EDITORIAL

Jobs gloom

Job creation in the U.S. last month was somewhere between lackluster and feeble.

9/9/2013

Job creation in the United States last month, as reported by the federal Bureau of Labor Statistics, was somewhere between lackluster and feeble.

The latest report said 169,000 jobs were created in August, fewer than the 180,000 anticipated by some optimists. The bureau also adjusted June and July jobs figures downward, showing that 74,000 fewer jobs were created in those months than was previously reported.

The August unemployment rate dropped a notch, from 7.4 percent to 7.3 percent, but that was the result of people leaving the work force. Labor force participation in America has dropped to 63.2 percent, the lowest rate since 1978.

It isn’t surprising that government inactivity in Washington is a prominent contributor to the depressed job market. Some members of Congress promise a “whale of a fight” on the budget — a problem that, if unresolved by Sept. 30, could lead to a shutdown of the government.

Federal agencies have operated for much of this year under the spending limits of the sequester, leading to a drop in government jobs that was reflected in the employment report. Sharp lines are drawn between Democrats and Republicans, and between Republicans in the Senate and the House, on raising the national debt limit, an issue that must be addressed by mid-October if the government is to pay its debts.

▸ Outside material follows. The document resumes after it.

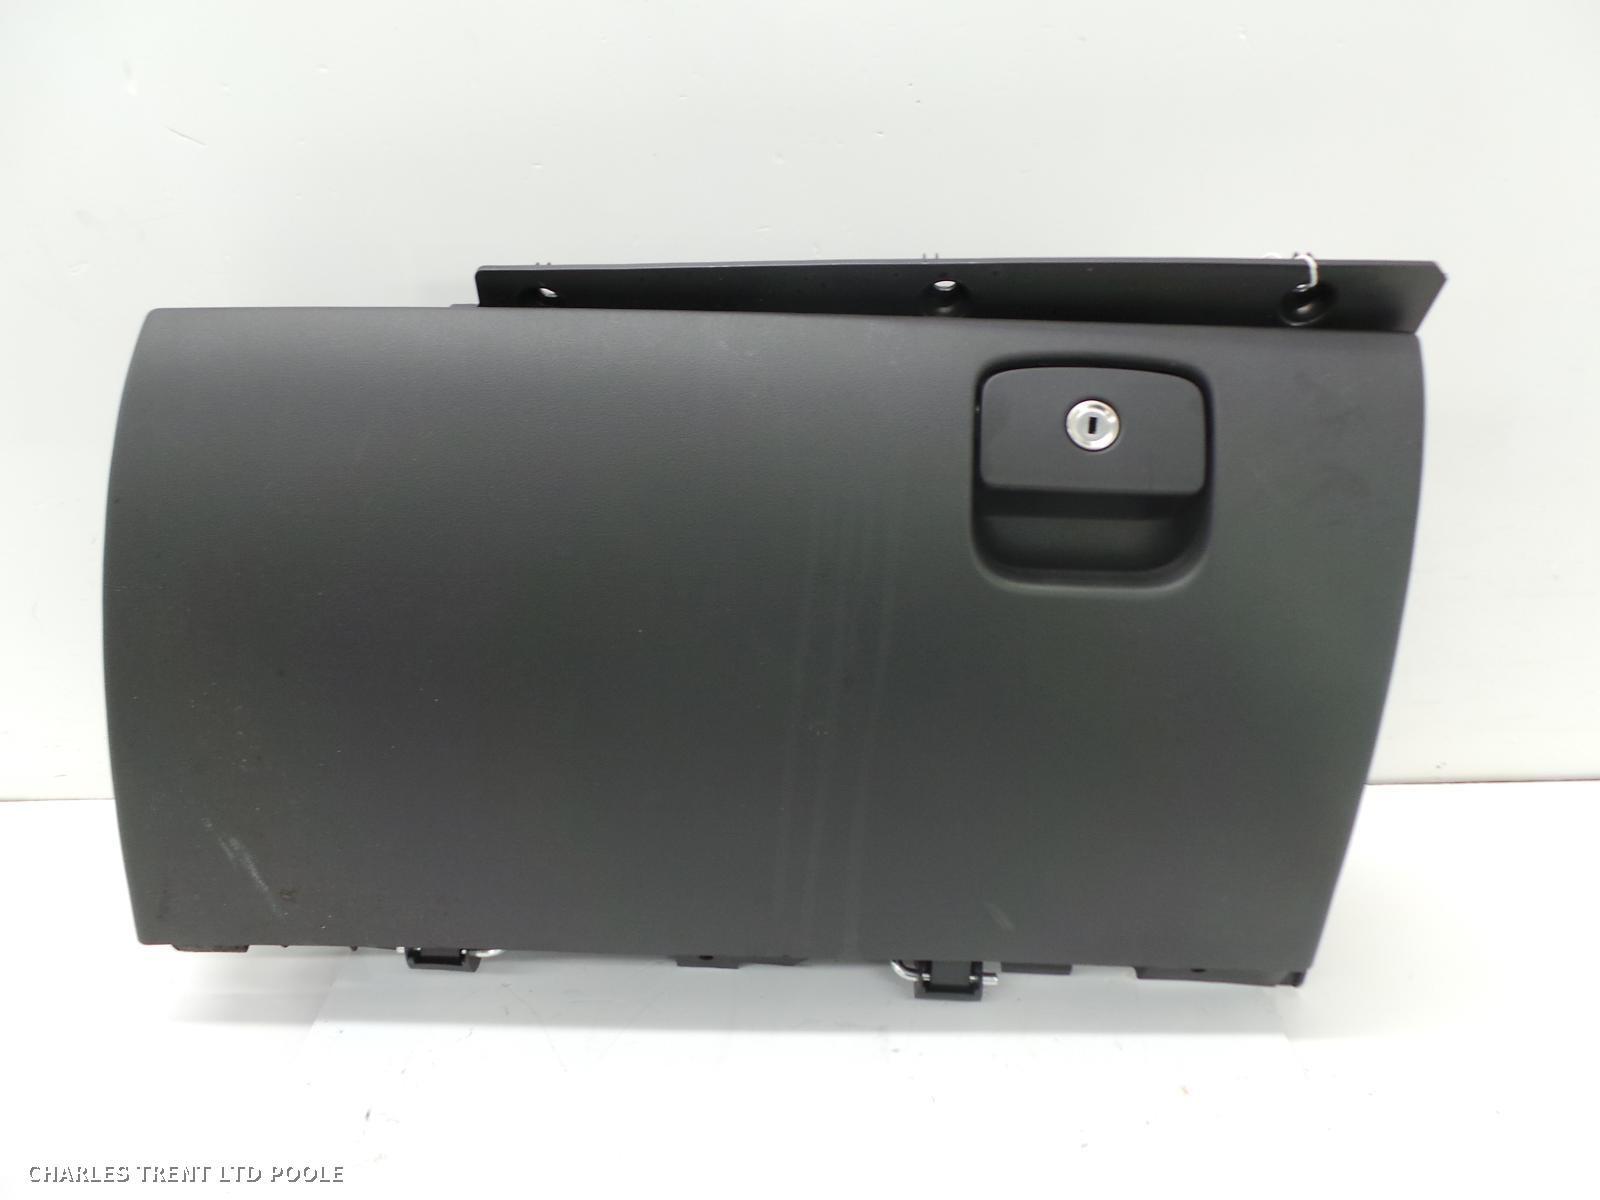 2016 - JAGUAR - XE - GLOVE BOX
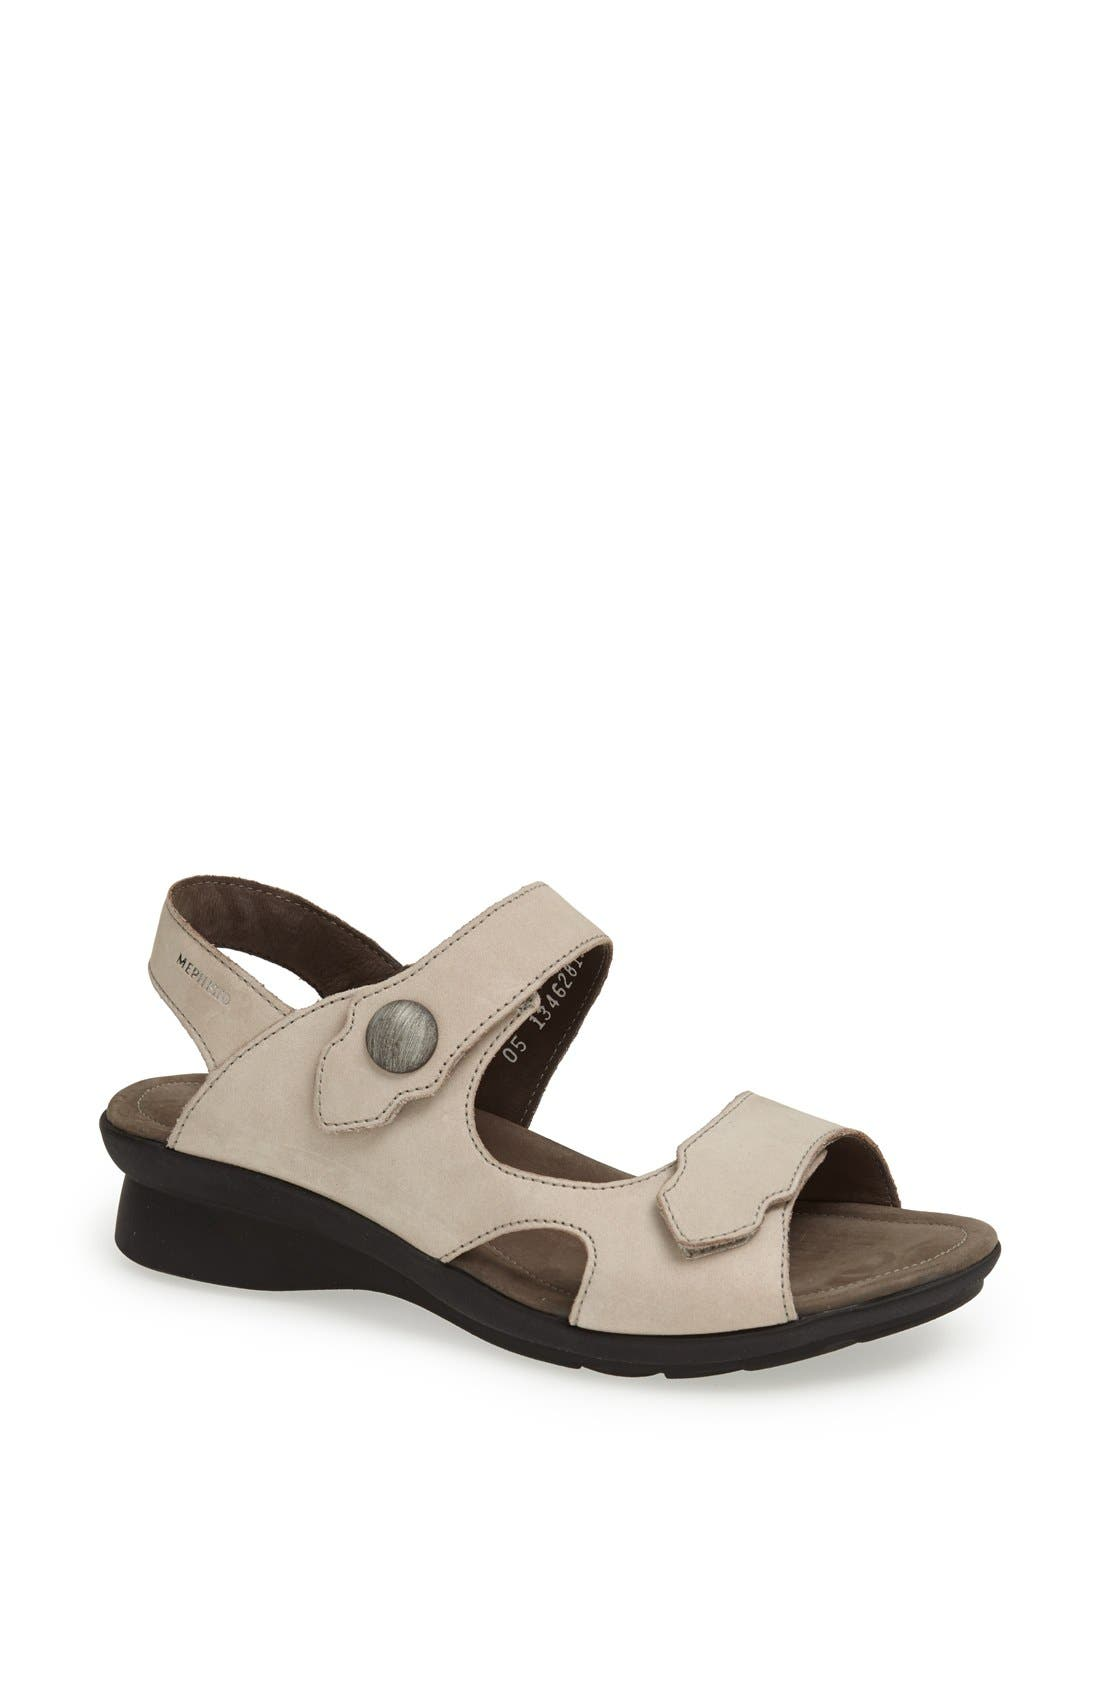 Mephisto 'Prudy' Leather Sandal

The Federal Reserve Board will meet this month to decide whether to end “quantitative easing,” the practice that has put $85 billion in newly printed money in the hands of banks every month for years. This is another shaky plank in America’s economic picture that contributes to the mediocre job situation.

President Obama and Congress continue to wrangle without success over more-complex problems of fixing the economy, including closing the gap between America’s rich and poor.

So it is no surprise that job creation lags. Why would companies enlarge their work forces while the federal government creates uncertainty?